Newly discovered rare deep-sea brine pools can help look for ‘alien’ life elsewhere in the universe

According to recent research, rare deep-sea brine pools found in the Red Sea can potentially provide insight into the beginnings of life on Earth, and may also provide information on long-term environmental changes in the area.
Despite being rare and small in size, brine pools are an intense oasis of “macrofaunal and microbial” biodiversity in an otherwise sparsely populated bottom of the ocean.

Talking to Live Science, Sam Purkis, professor and chair of the Department of Marine Geosciences at the University of Miami, and research lead author stated that: “Our current understanding is that life originated on Earth in the deep sea, almost certainly in anoxic — without oxygen — conditions.”
He added that deep-sea brine pools are of great scientific interest because they represent one of the most extreme inhabited environments on Earth
“Despite being devoid of oxygen and hypersaline, are teeming with a rich community of so-called ‘extremophile’ microbes. Studying this community, hence allows a glimpse into the sort of conditions where life first appeared on our planet.”
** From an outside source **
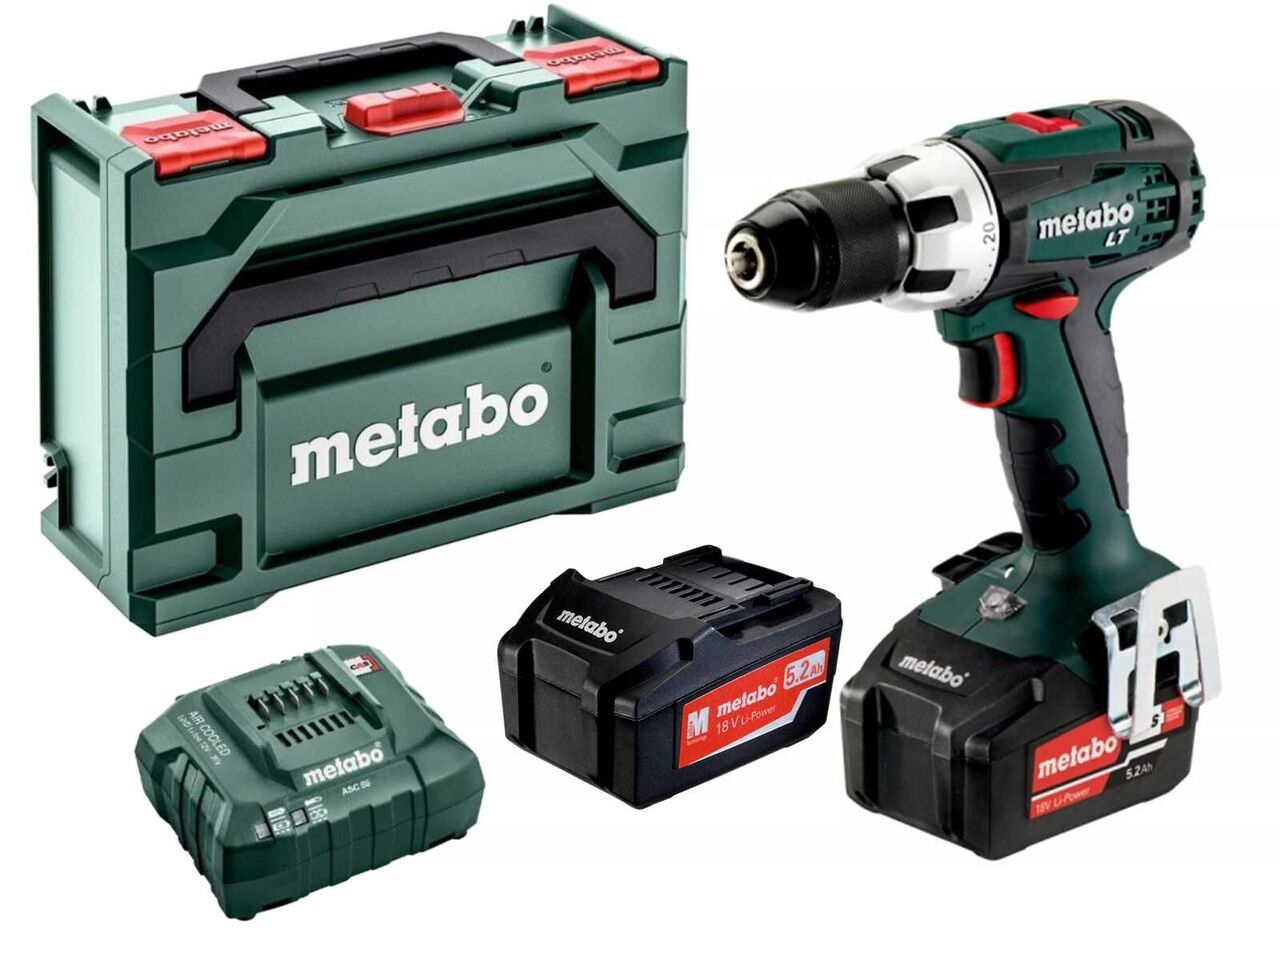 Metabo BS 18 LT other tool

As per the research published in the science journal Nature, these can also direct the hunt for life on “other ‘water worlds'” elsewhere in the universe. Brine pools can also help with predicting floods and tsunamis due to the “exquisitely intact” sediments found there.
The pools lack the typical creatures that inhabit and survive on the seabed, such as burrowing shrimp, worms, and mollusks, because the brine lacks oxygen. Typically, these creatures “bioturbate” or “churn up” the seafloor, upsetting the sediments that build up there, according to Purkis. “Not so with the brine pools. Here, any sedimentary layers that settle to the bed of the brine pool remain exquisitely intact.”

In addition to records of earthquakes and tsunami, the core samples that the researchers took from the newly discovered brine lakes “represent an unbroken record of past rainfall in the region, stretching back more than 1,000 years,” said Purkis.